Great overview! I still remember the excitement generated when the first Chick-Fil-A opened in Southern California (they were just in the South before). In terms of process, I don’t think Chick-Fil-A’s service is meaningfully faster than that of McDonald’s or other fast food restaurants, and perhaps that is a good thing. McDonald’s elicited a lot of criticism from consumers when they instituted their 30 seconds or less drive-thru service because employees keep messing up the order. Employees also felt extremely stressed by this guarantee. Therefore, I think it’s smart that Chick-Fil-A has chosen to compete on great service (the employees respond “my pleasure” whenever you say “thank you”) and safe, comfortable environment.
As you pointed out, brand equity is a key strength of the companies. One of my former colleagues had in his office a Chick-Fil-A calendar that he cherished. Just goes to show that people are even willing to buy their merchandise and apparel because they are such fans of the company/product!

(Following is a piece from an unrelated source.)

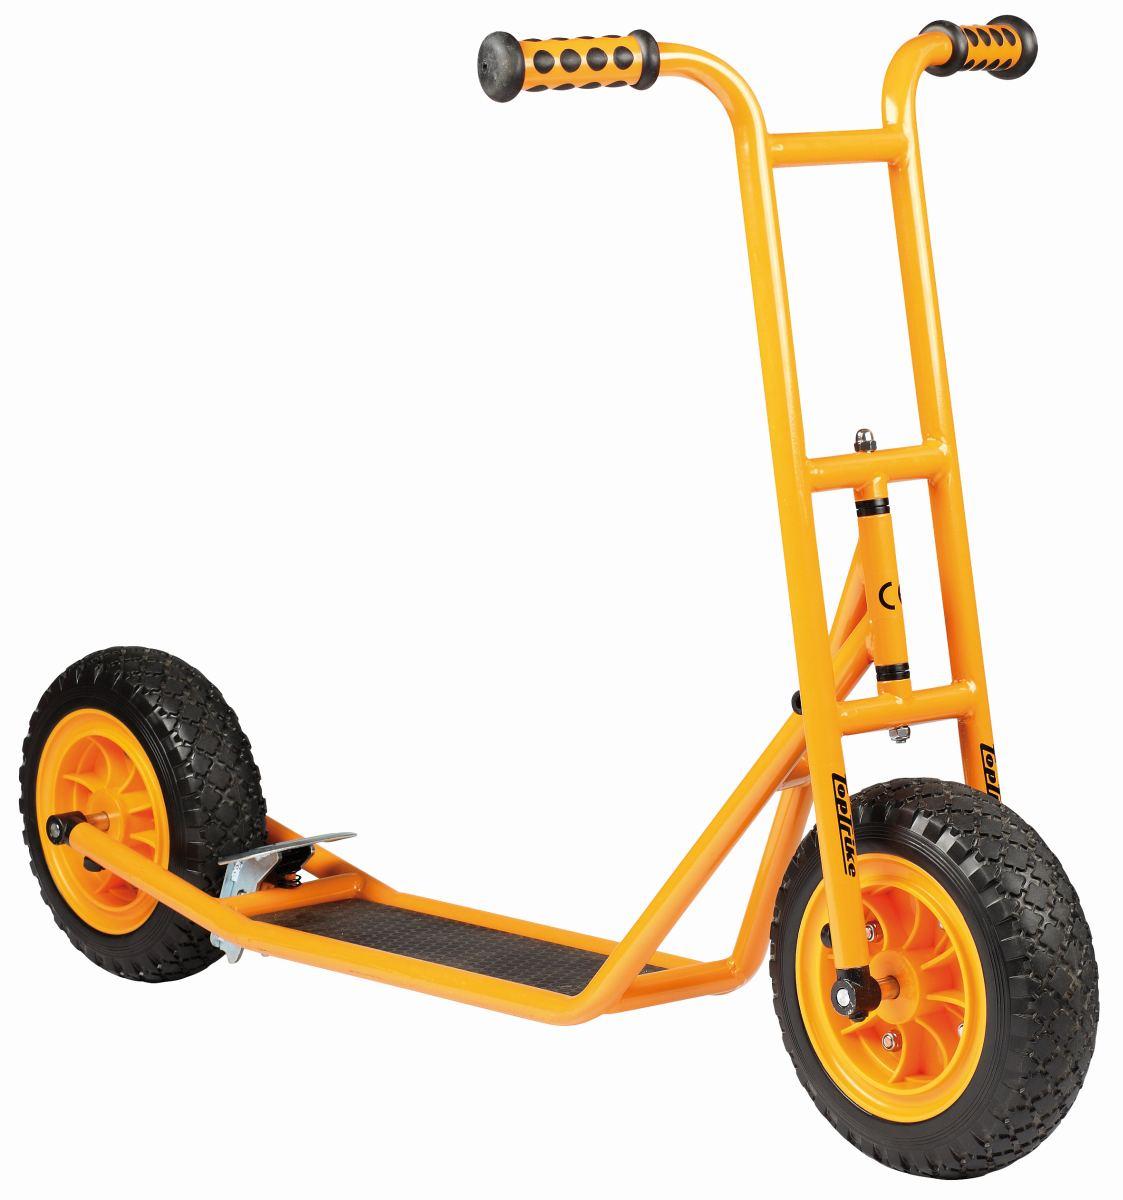 roller scooter gro lauflernrad kita fahrzeug outdoor fahrzeug 64010 holz spielzeug peitz. Black Bedroom Furniture Sets. Home Design Ideas

Thanks Adam! From your description, it sounds like Mendocino Farms has succeeded due to strong alignment between the customer promise (high-quality, locally-sourced food in a fun, neighborhood-y environment), the people (well-trained employees who dress the part with casual “farmer attire”), culture (positive and customer friendly), and its formal org. In a lot of ways, this company reminded me of MOD Pizza given its Southern California locations and quirky, unique culture. I really enjoyed learning more about the company! The free samples provide a great buffer as well for when the lines get long, as I imagine they do around lunch time.
I think it is only a matter of time before Mendocino Farms expands into adjacent areas like San Francisco or Seattle, which seem to also appreciate upscale locally-sourced ingredients. One question: Do they make the sandwich in front of you? It might help with the customization…
Thanks, James! I recently bought a pair of Bose earphones as a gift without knowing too much about the company other than that others considered them to be cutting-edge in terms of noise-cancelling technology. I guess I fall into their target customer camp of unsophisticated consumers willing to spend, as you described (or that their branding and slick videos work!) There is certainly a halo effect for being a consumer electronics company known for investing in R&D, as in this increasingly connected market, consumers increasingly expect the best. One question that your post raised was how Bose’s margins compare to those of competitors. Given their premium price (I thought it was pushing it) and distribution model (I know there is e-commerce, along with the high end malls and airports you mentioned), I wonder if that gives them more room to play with R&D $$. Great read, thank you!